* REQUIRED ACTION
A faithful copy is needed of the lines below from the one with "wool, color, colorful, cat's" up to and including the one with "Forest Night/Rosin coloured"; set it down with no pictures and no other lines.

* AVAILABLE RECORDS
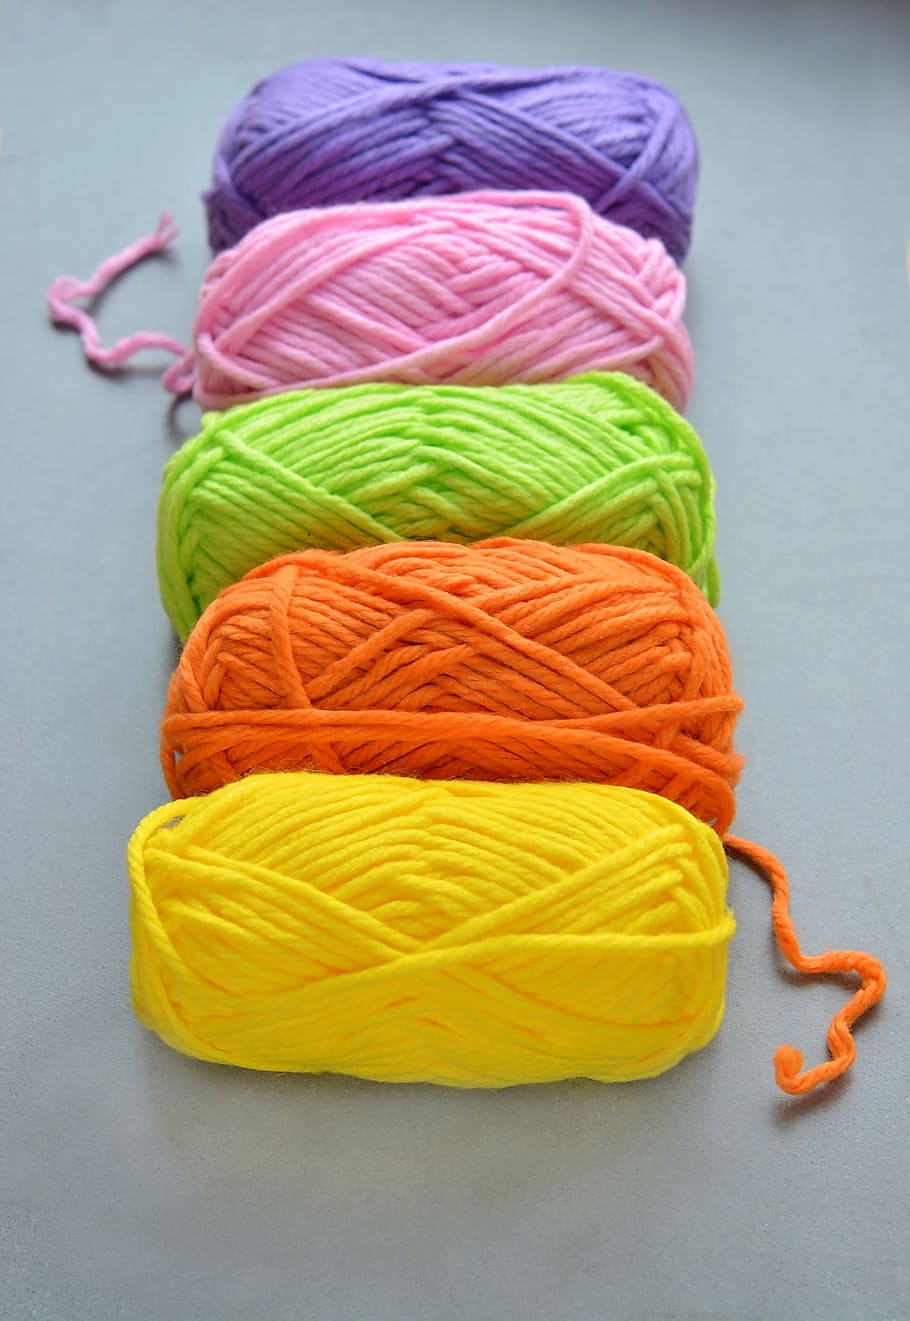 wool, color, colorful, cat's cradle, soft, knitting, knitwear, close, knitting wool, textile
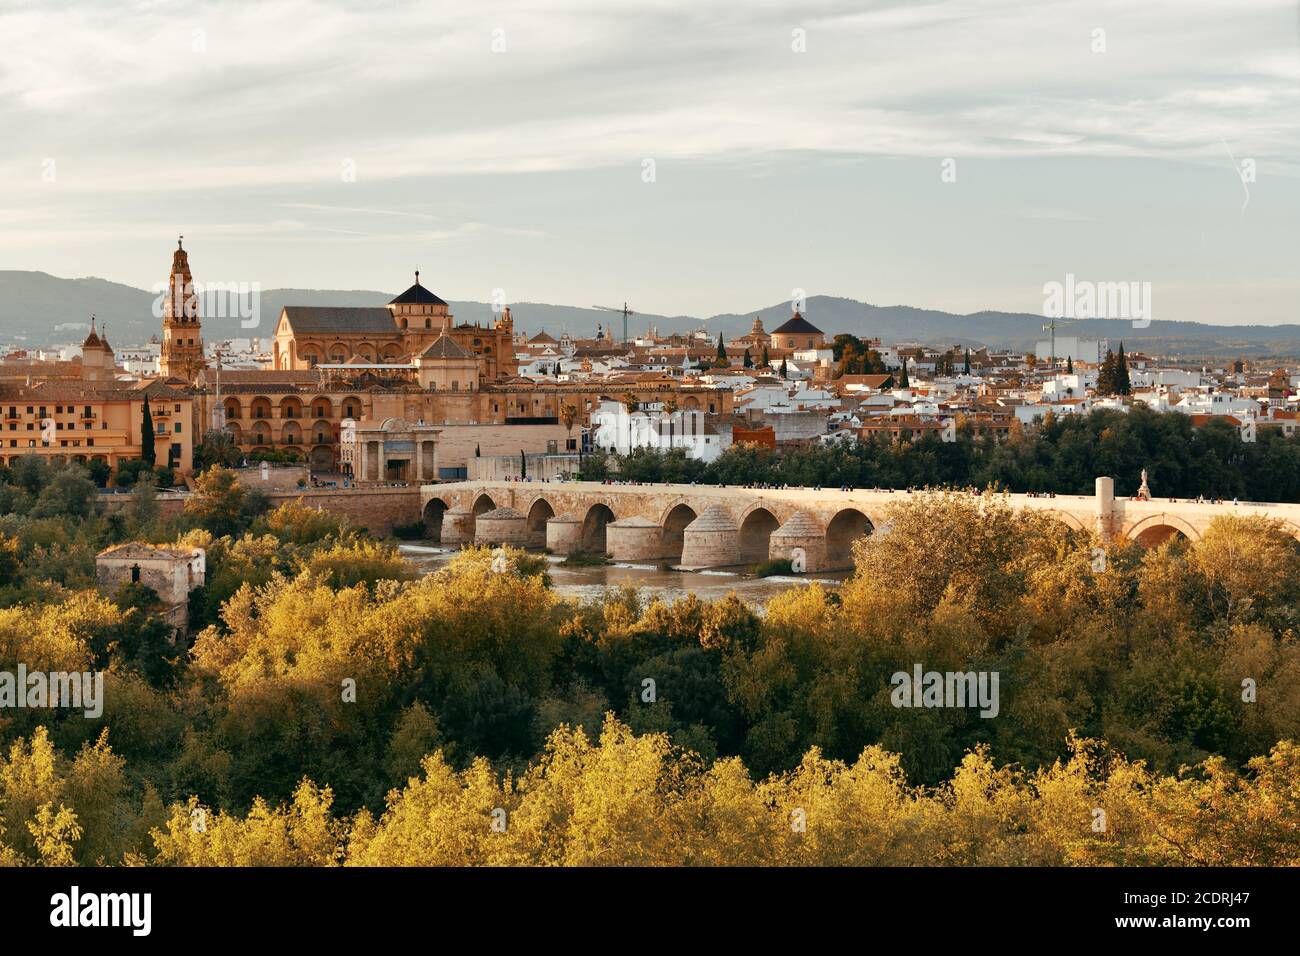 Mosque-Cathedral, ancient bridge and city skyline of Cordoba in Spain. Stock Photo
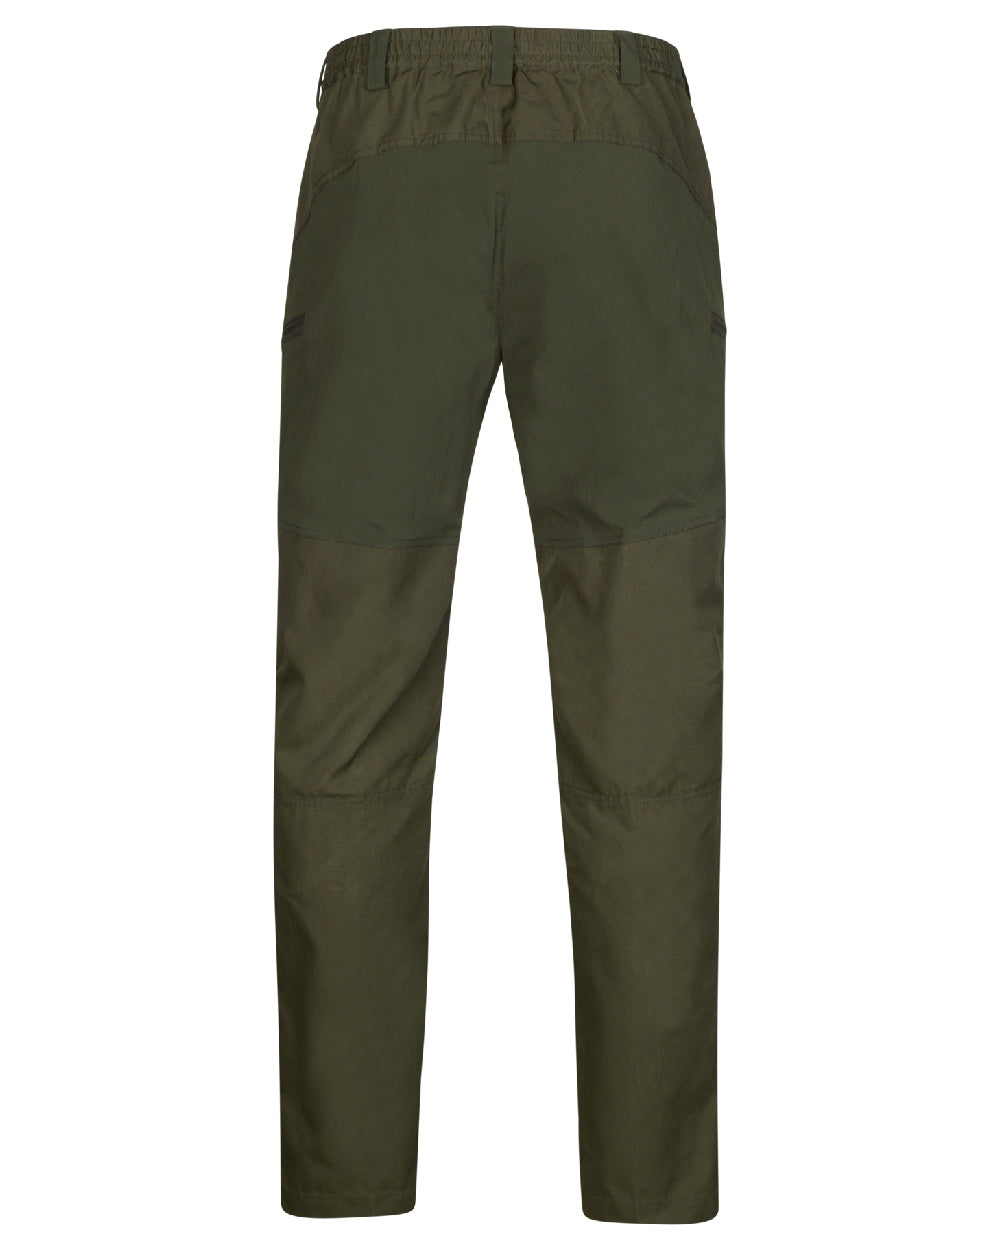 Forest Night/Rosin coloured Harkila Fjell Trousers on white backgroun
==
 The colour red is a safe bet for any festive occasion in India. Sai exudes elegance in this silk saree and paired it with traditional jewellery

* SOLUTION TO THIS TASK
 wool, color, colorful, cat's cradle, soft, knitting, knitwear, close, knitting wool, textile
 Mosque-Cathedral, ancient bridge and city skyline of Cordoba in Spain. Stock Photo
 Forest Night/Rosin coloured Harkila Fjell Trousers on white backgroun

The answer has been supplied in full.